▸ Aim of the exercise
Starting from the line that holds "Charlie The Beagle", output exactly each line through the end of the listing. Do not copy pictures.

▸ Collected material

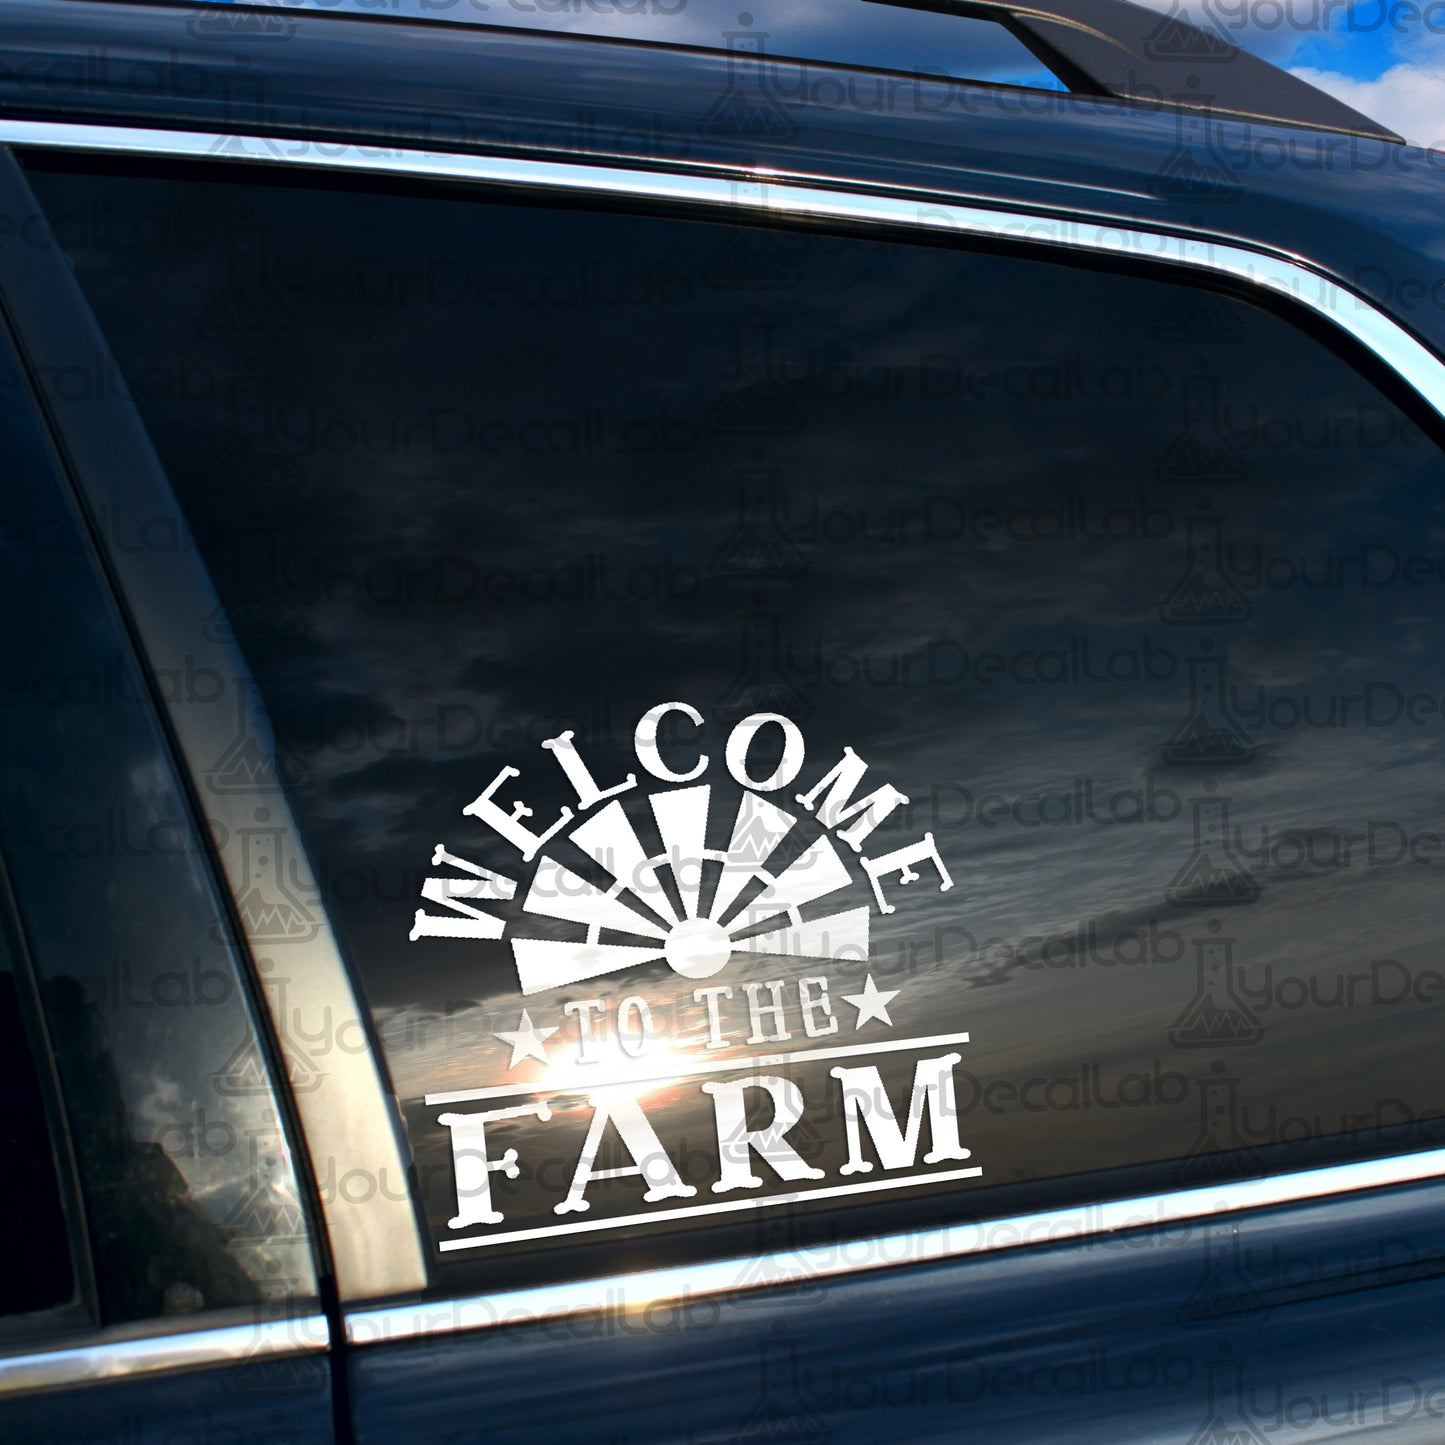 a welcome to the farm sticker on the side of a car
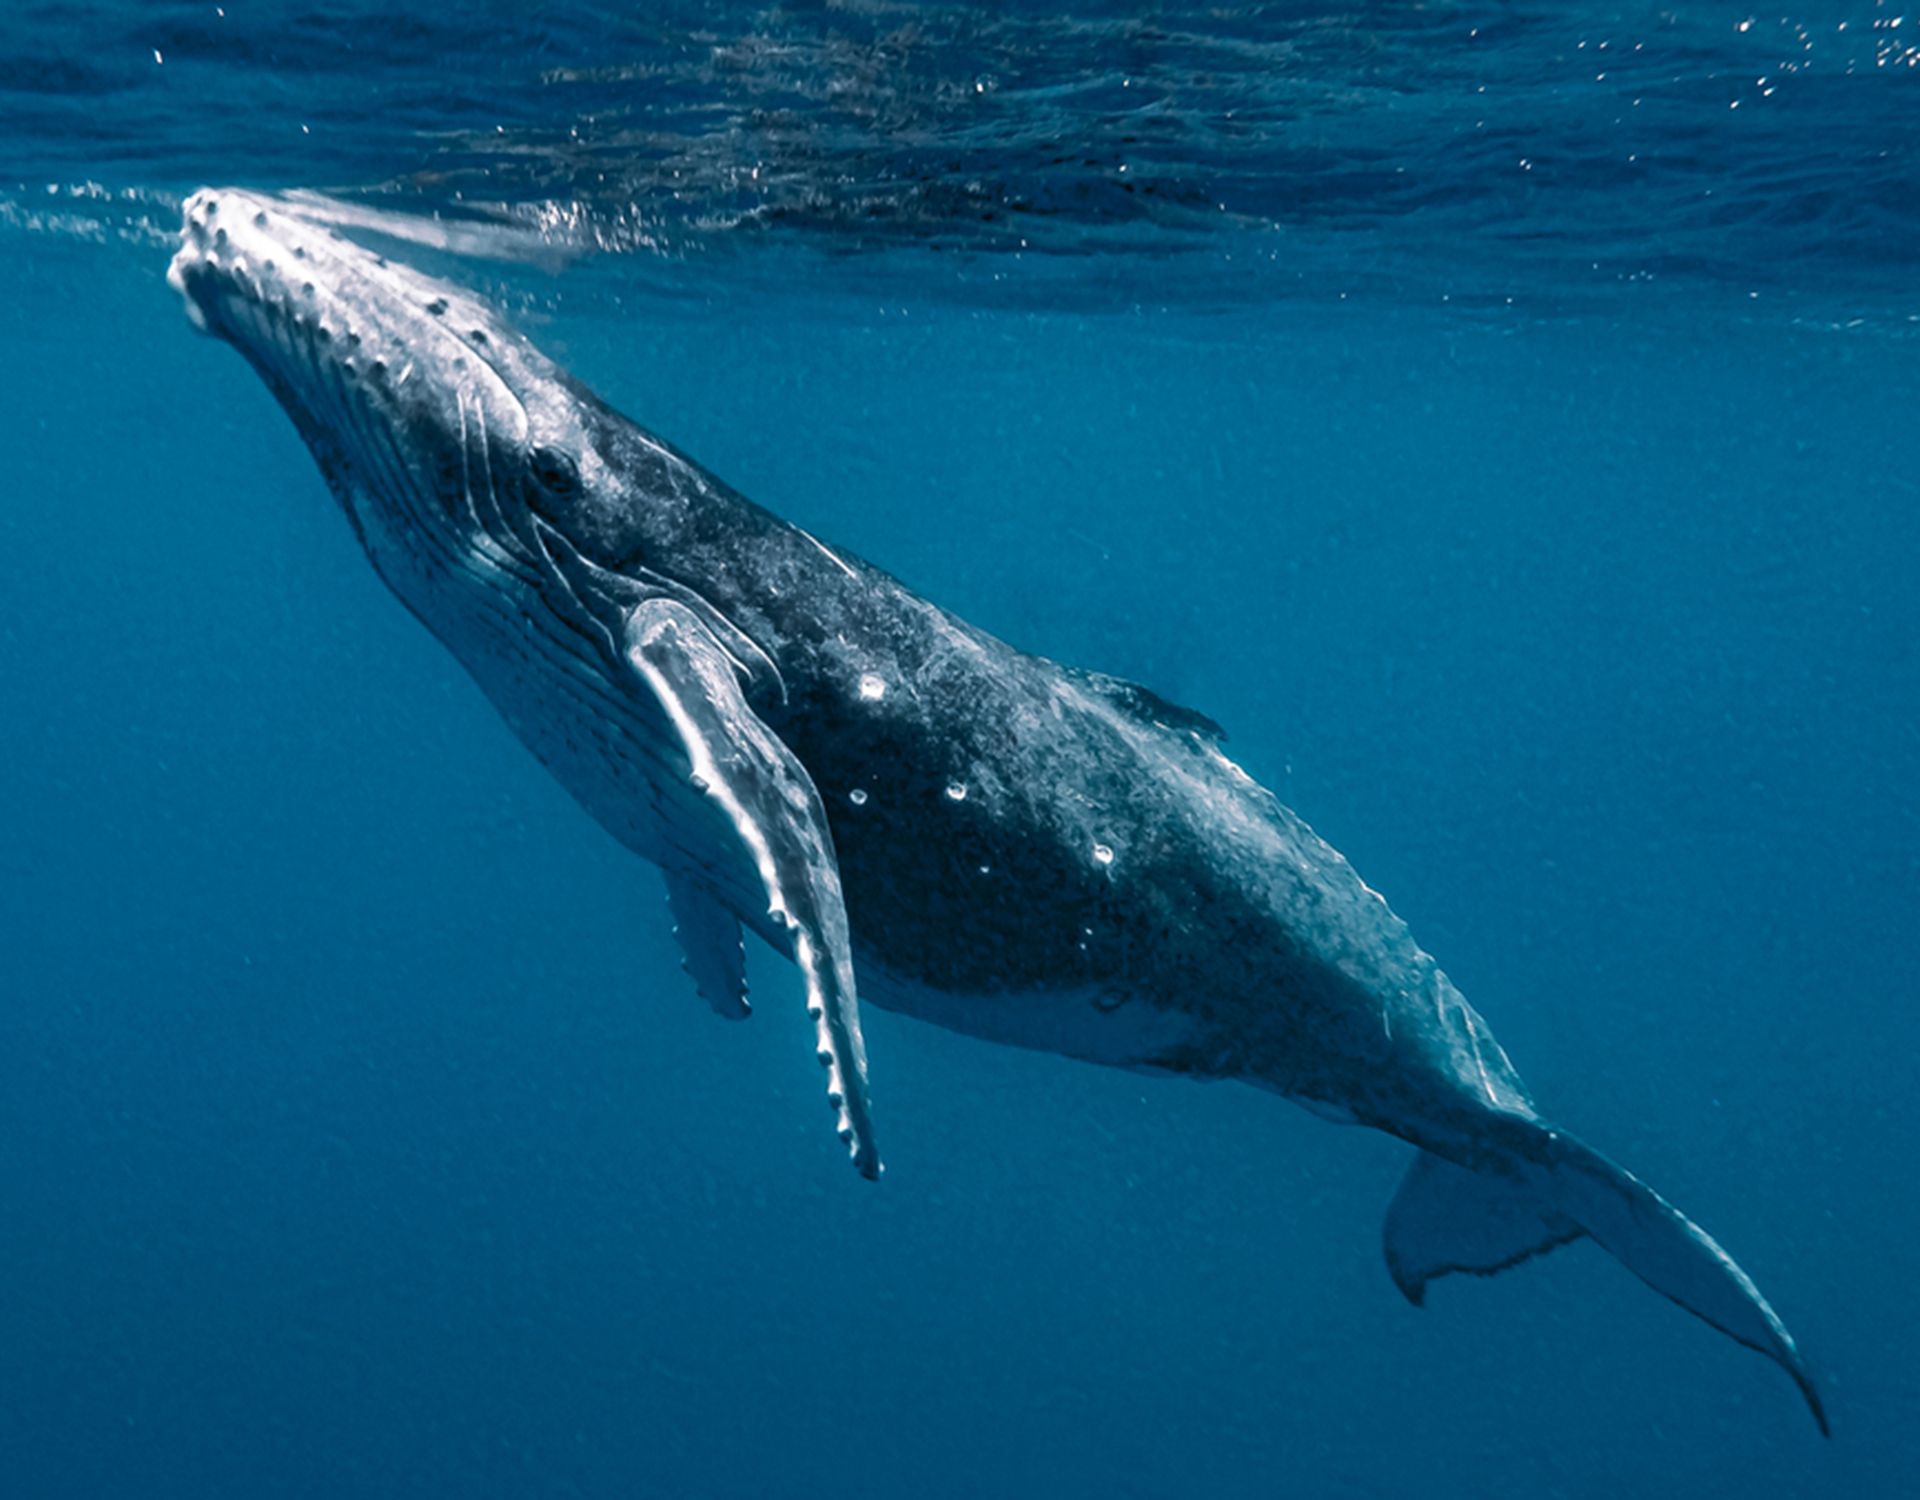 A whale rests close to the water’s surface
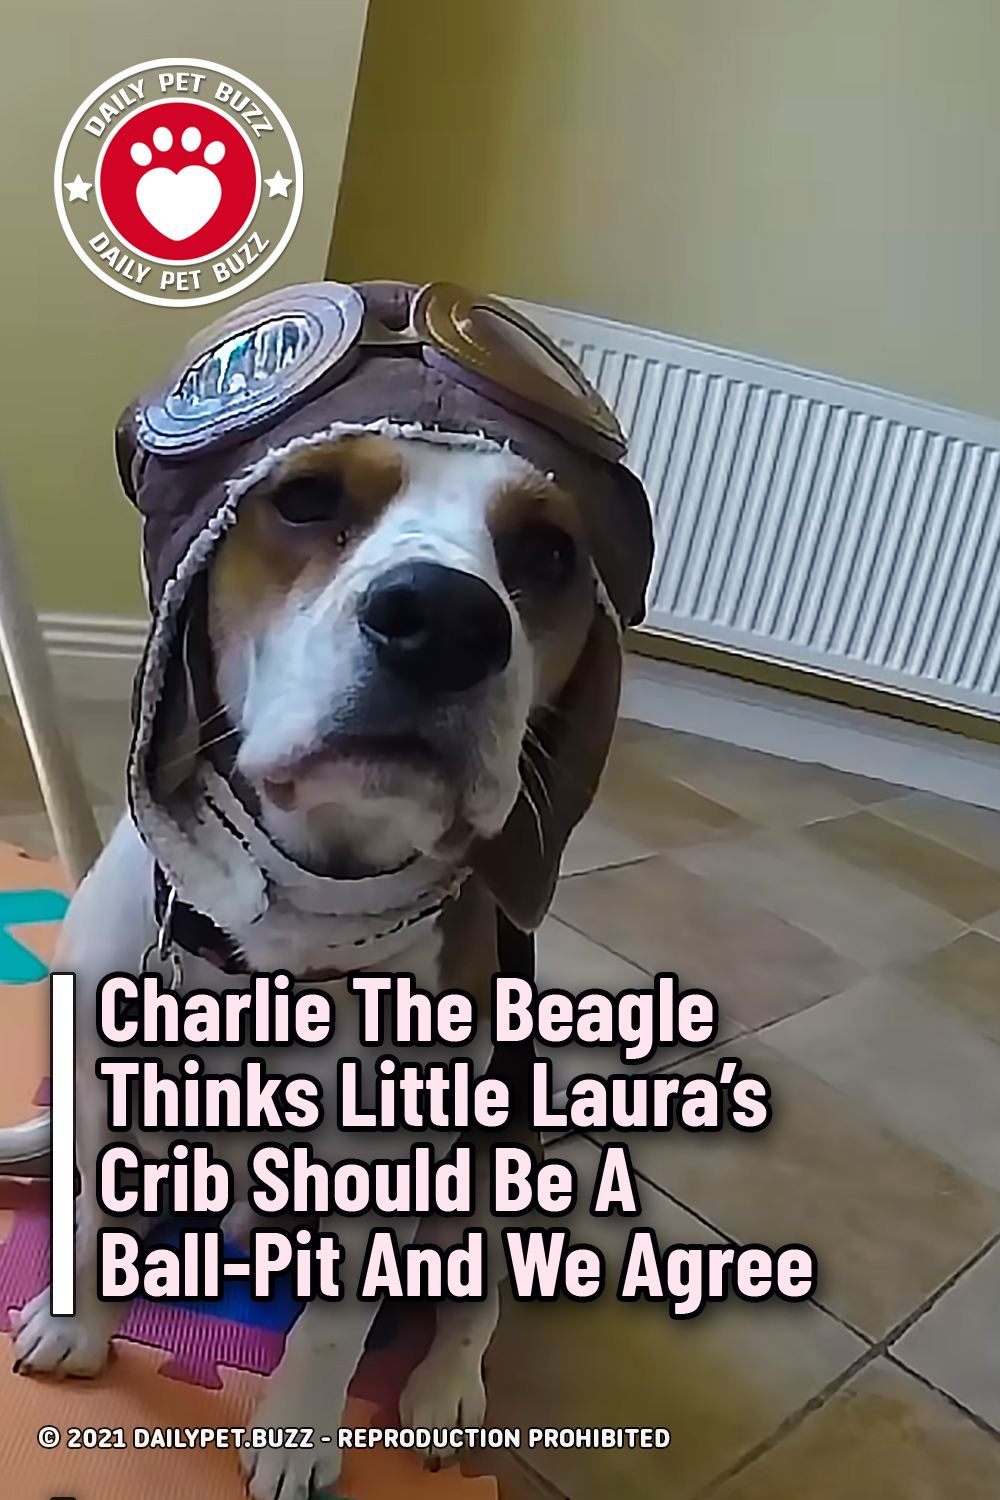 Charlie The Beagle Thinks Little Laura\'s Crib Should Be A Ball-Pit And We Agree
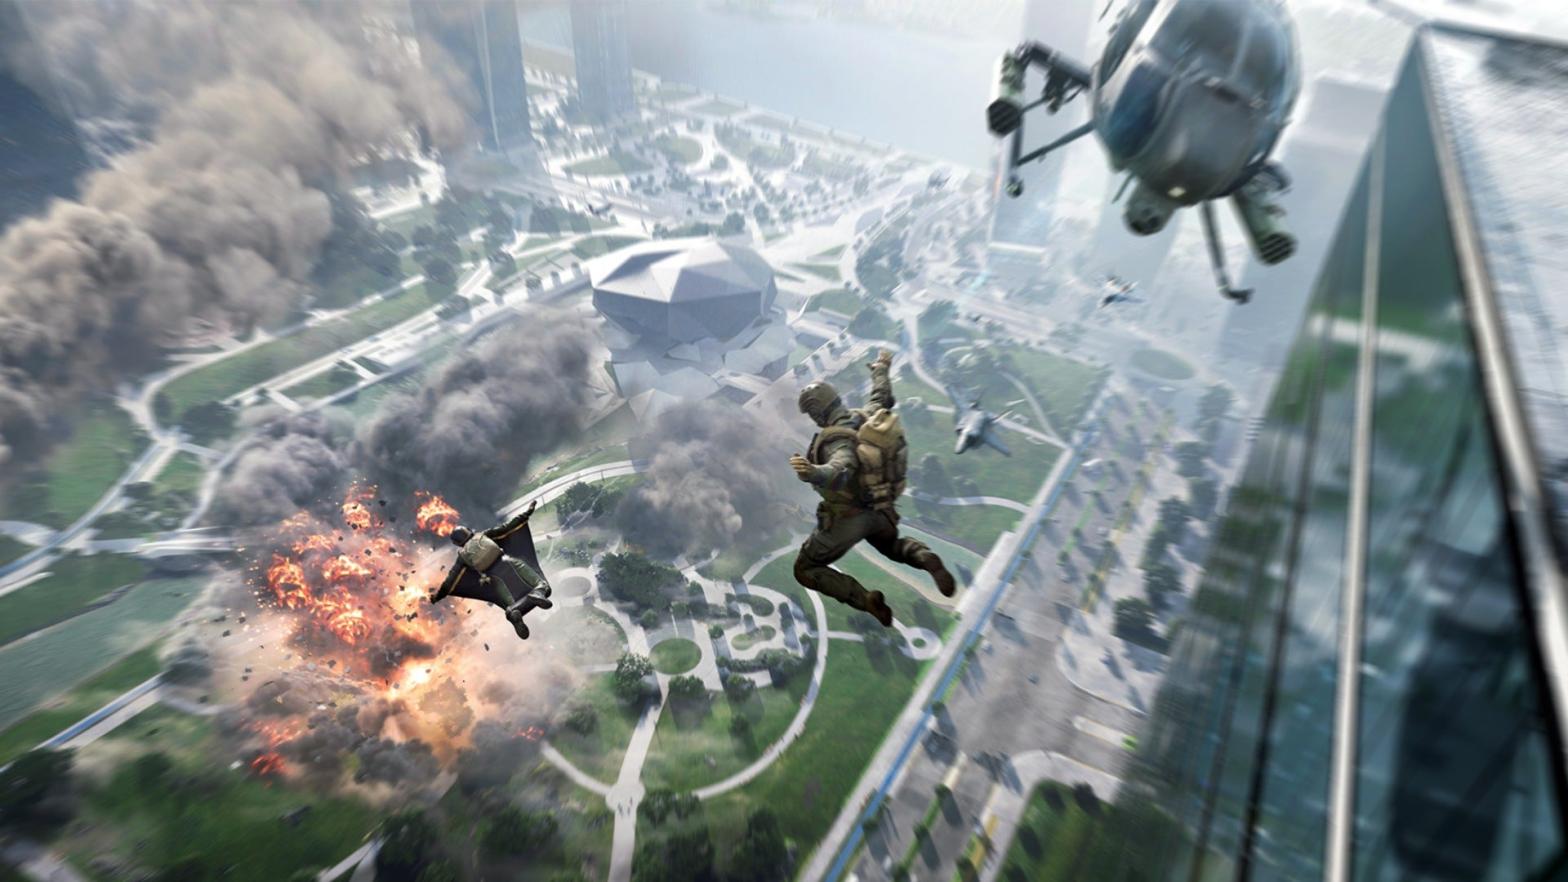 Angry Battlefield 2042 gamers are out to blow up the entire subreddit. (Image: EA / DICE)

▸ Answer space
 Charlie The Beagle Thinks Little Laura\'s Crib Should Be A Ball-Pit And We Agree
 Angry Battlefield 2042 gamers are out to blow up the entire subreddit. (Image: EA / DICE)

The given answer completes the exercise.